Brief 67: Electoral Administration in Kenya
EGAP Researcher: Peter Van der Windt
Other authors: J. Andrew Harris, Catherine Kamindo
Geographical region: Africa
Research question: How do election administration policies, particularly those related to voter registration, affect political participation?
Preparer: Tanu Kumar
Background
The study was conducted eight months prior to the 2017 Kenyan general elections. As in most other African countries, in Kenya only the electoral commission has the authority to register citizens to vote. Citizens may register at any time of the year, but this system has been known to generate inequalities in voter registration because 1) not all citizens can bear the cost to travel to a constituency election commission office; 2) not all citizens may know about registration opportunities; and 3) political interests may sponsor citizens to register in some areas. Indeed, the authors find that poverty rates, distance from the election office, and population sparsity are negatively correlated with voter registration at polling stations in the eight-month period prior to the onset of the experiment.
Research Design
The authors worked with Kenya’s Independent Electoral and Boundaries Commission (IEBC) to develop interventions that might increase voter registration, particularly in communities that are poor, sparsely populated, and far from election offices. The study was conducted in seven of Kenya’s 47 counties. Of the 3,828 polling stations within these counties, 1,674 were selected for inclusion in the study using a sampling strategy that blocked on a polling station area’s level of poverty, population density and distance from the election offices. Blocking allowed the authors to estimate treatment effects across these different contexts.
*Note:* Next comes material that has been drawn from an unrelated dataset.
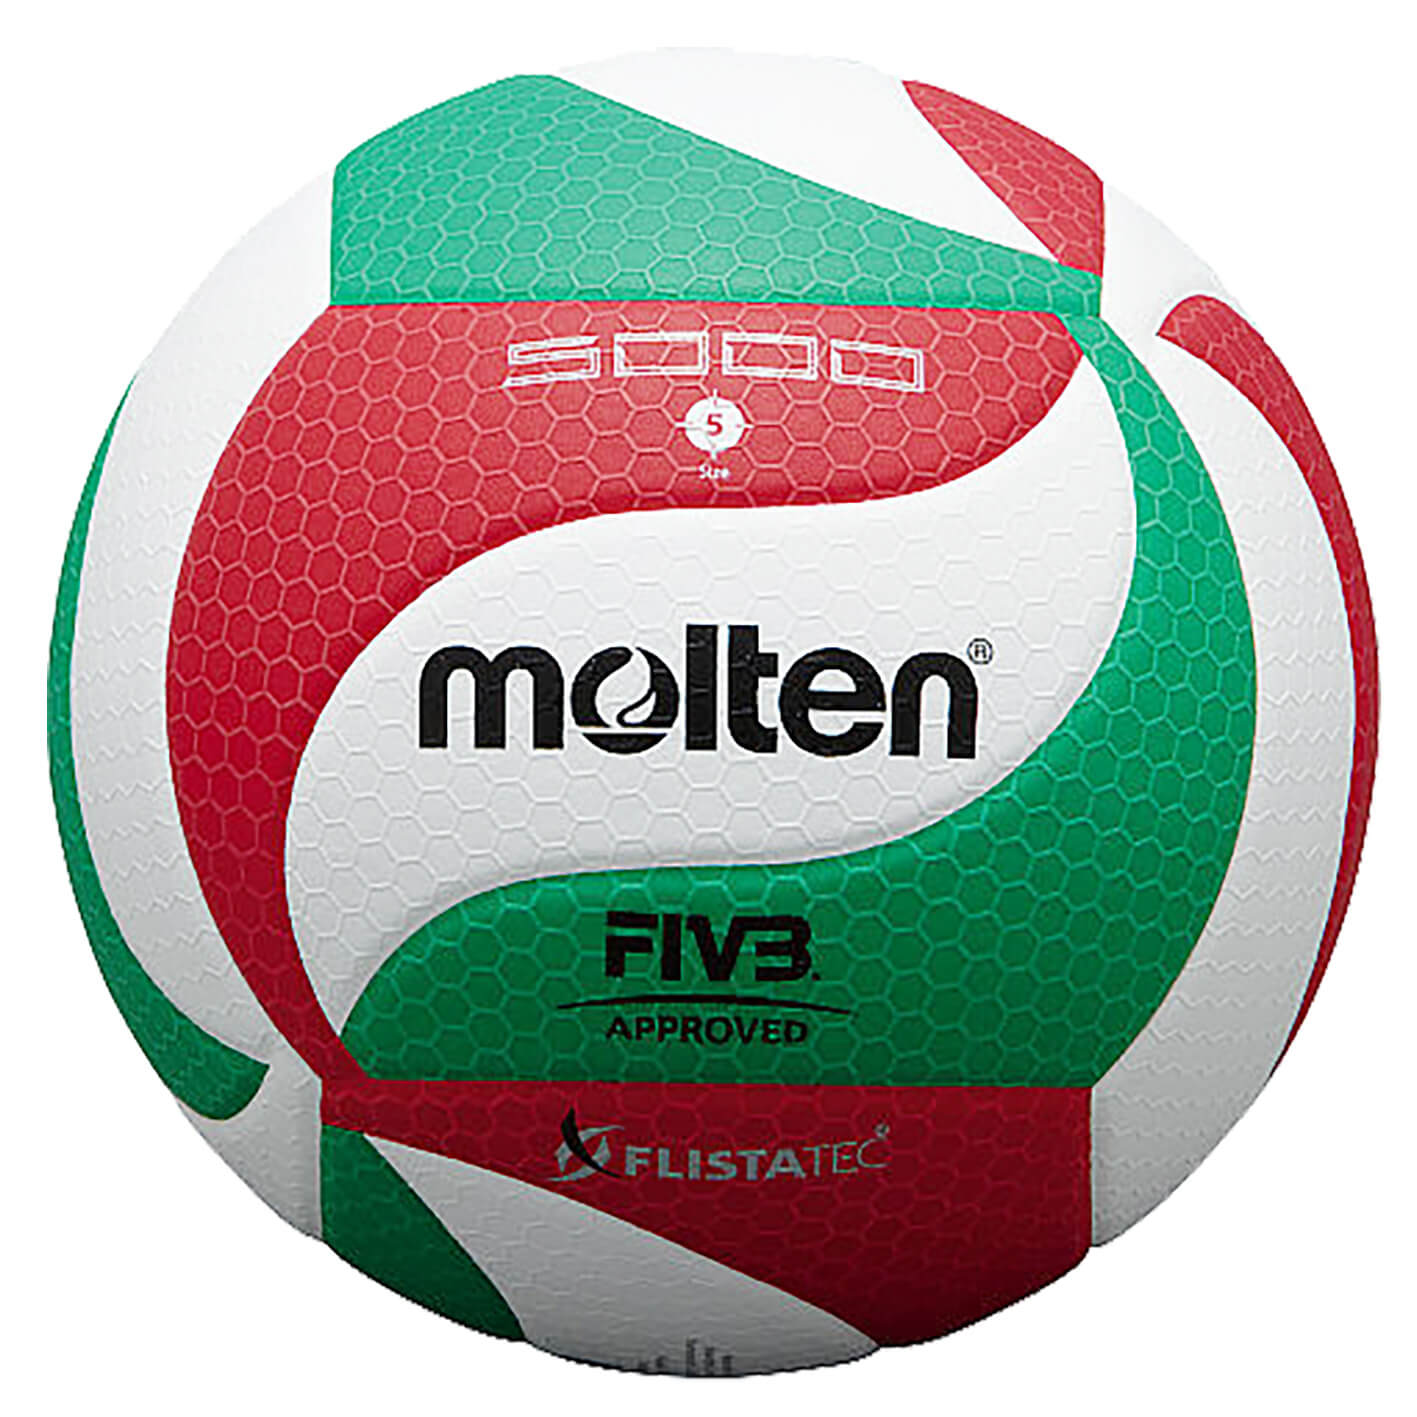 Molten 5000 Filstatec volleyball

The IEBC implemented three types of interventions at the polling station level. In the first, called localization, communities were visited for two days by IEBC staff with portable voter registration equipment to register voters from 9am until 5pm. In the second, called civic education (labelled as canvassing in the paper), IEBC staff visited communities for two days to provide basic education on the voter registration process, to discuss the importance of electoral participation, and to answer any questions. In the third intervention, called SMS, the IEBC sent two text messages over two days to already registered voters asking them to encourage their unregistered friends and family to register and identified the nearest registration opportunity.
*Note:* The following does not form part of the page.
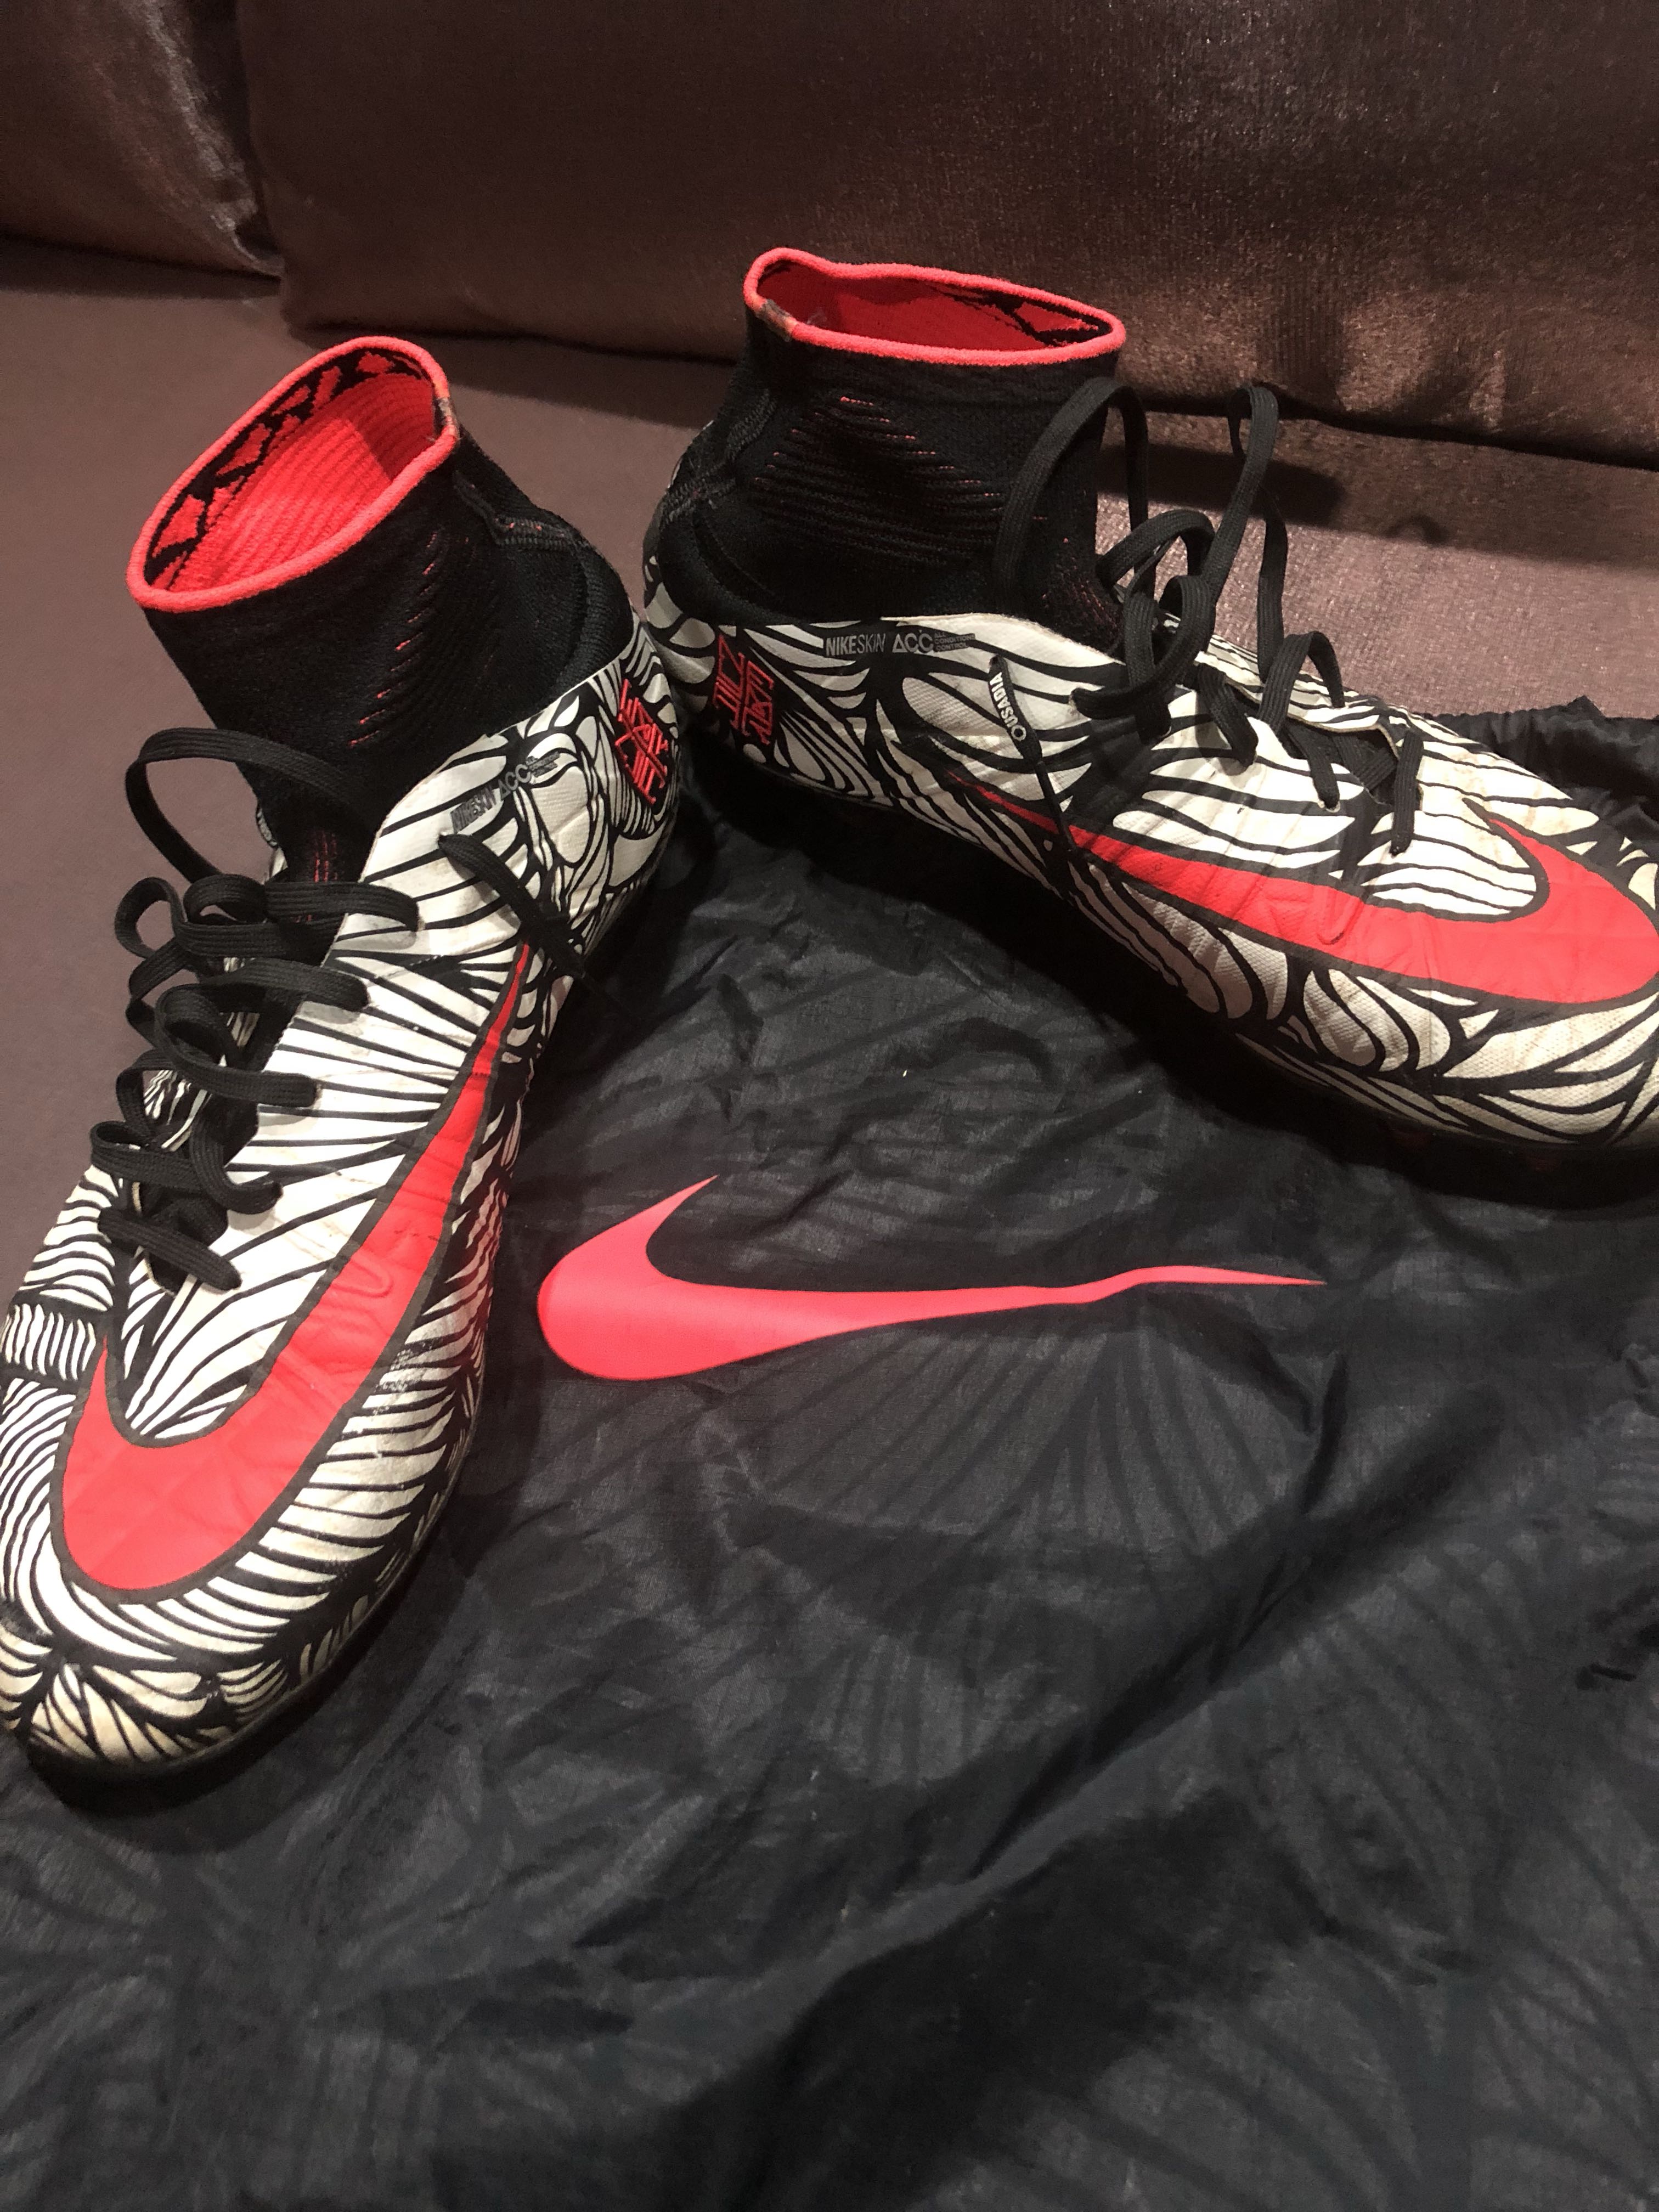 neymar boots size 2

Polling stations were randomly assigned to a combination of these three interventions and a control condition in a 2×3 factorial design as shown in Table 1.
Civic Education | SMS | Control | |
---|---|---|---|
Localization | 279 | 279 | 279 |
No localization | 279 | 279 | 279 |
Results
The authors find little evidence that the SMS or civic education interventions alone increased the number of registrations compared to control communities in the 1.5 month following the interventions. Localization, on the other hand, increased voter registration, measured as the total number of registered individuals divided by the number of voters during the previous election, by 2 percent. Moreover, the combination of localization and SMS led to a 2.4 percent increase in registrations relative to control communities. The study also shows that context matters. The effect of localization was six times as large in the poorest quintile of communities relative to the richest, almost one and a half times as large in distant polling stations relative to proximate polling stations, and almost six times as large in sparsely populated areas relative to densely populated areas. Finally, the authors also explored the downstream impact of the interventions on Kenya’s 2017 general elections. While the authors find few effects on registration and turnout, there is some evidence that suggests that local registration increased electoral competition and vote preference diversity in down-ballot contests.
Policy Implications
The evidence from this study suggests that status quo voter registration policies may disenfranchise certain populations, particularly those who live in poor, distant, or sparsely populated communities. The findings also suggest that in the context of fledgling democracies, interventions related to convenience and cost may be more effective in increasing electoral political participation than those related to information and civic education.